The above is the latest piece in this series. I have been working to improve the simplicity and impact of the work, so that the the imagery and contrasting yarns I use are the focus. It's awaiting mounting and framing and a final decision on what to do (if anything) with the warp threads. While I think, it's sitting where I can see it in my work room so it nags at my consciousness.

Two earlier pieces in the series were exhibited in the John Bowen Gallery, Malmesbury until the end of last week.

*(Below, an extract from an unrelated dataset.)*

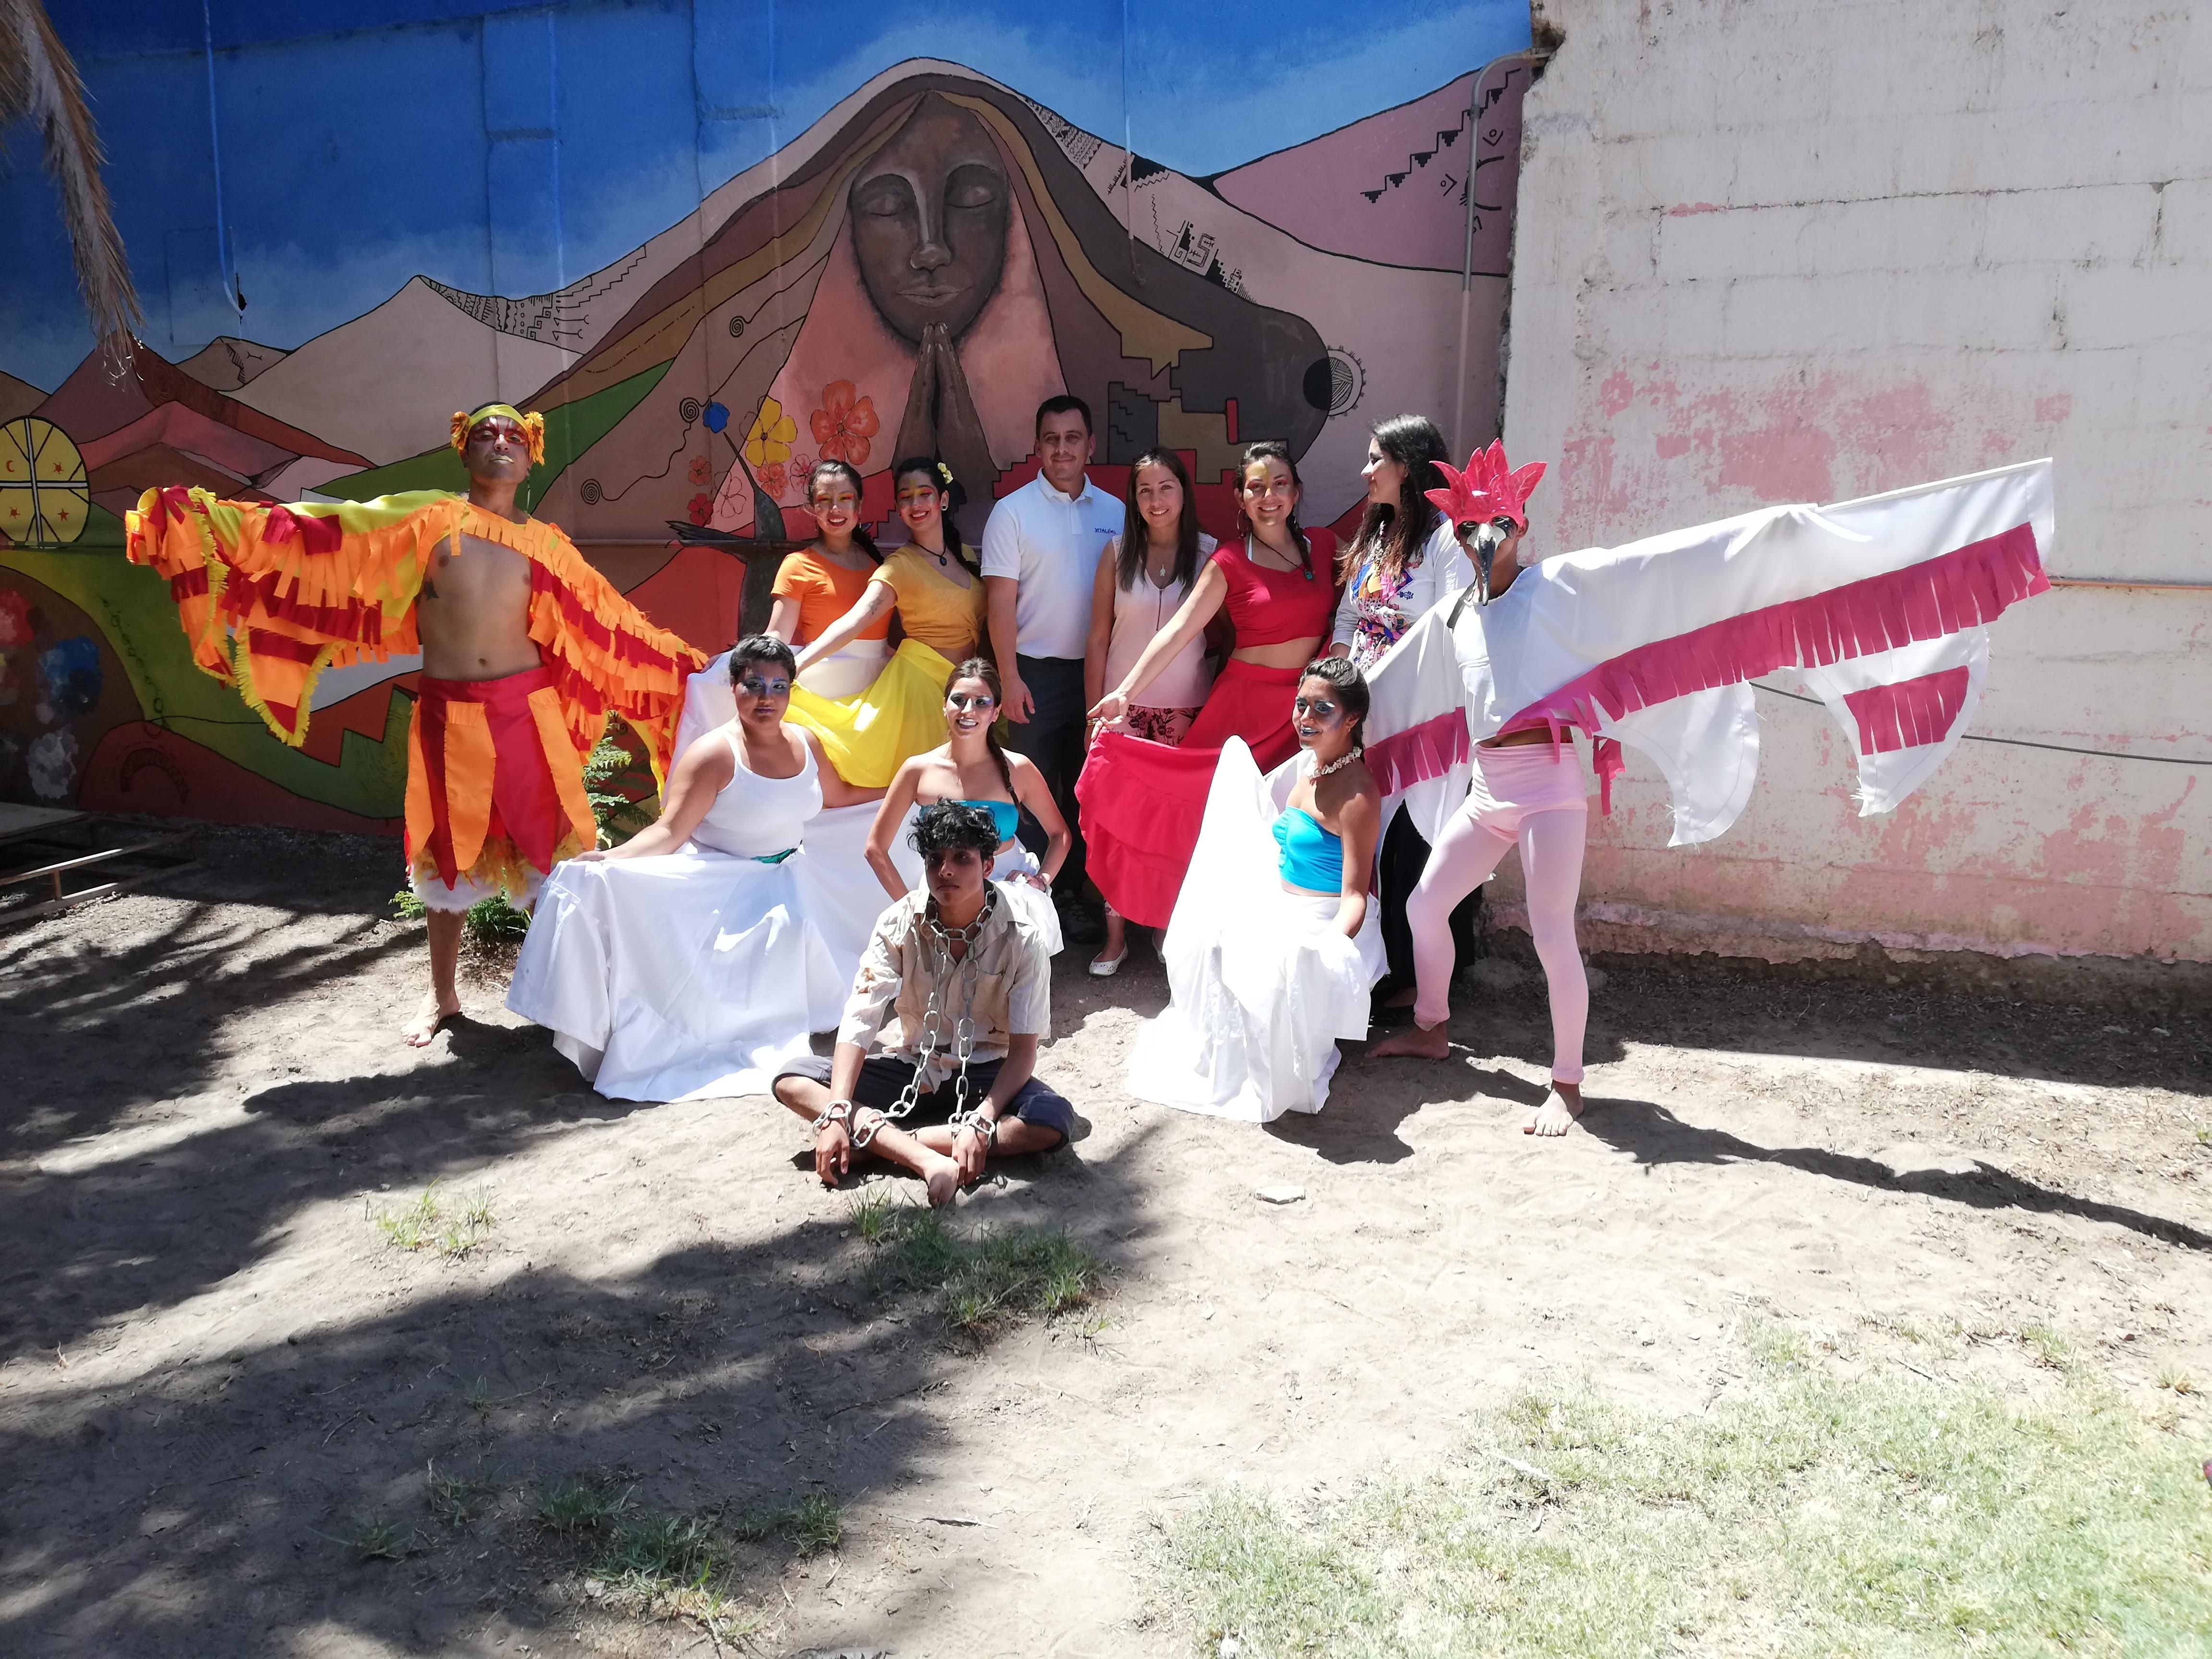 200 artistas llenarán de música y color Alto del Carmen, Frerina y Huasco con la Murga del Verano

I wove all these pieces on a simple table loom in strips which I can hold on my knee as I work. I then stitched them together as I wanted to replicate the sharp edges I'd noticed in the building. It was a fairly intuitive almost painterly process in which I reacted to the textiles as they evolved and sometimes unpicked strips that seemed 'wrong'. I then stitched the fine lines and especially the circle onto the woven surface since I wanted them to be finer and more delicate than was possible by weaving in order to suggest the aboriginal 'light touch'.



4 comments:

  1. Stunning...so much to take in and appreciate. Honored with lovely framing as well!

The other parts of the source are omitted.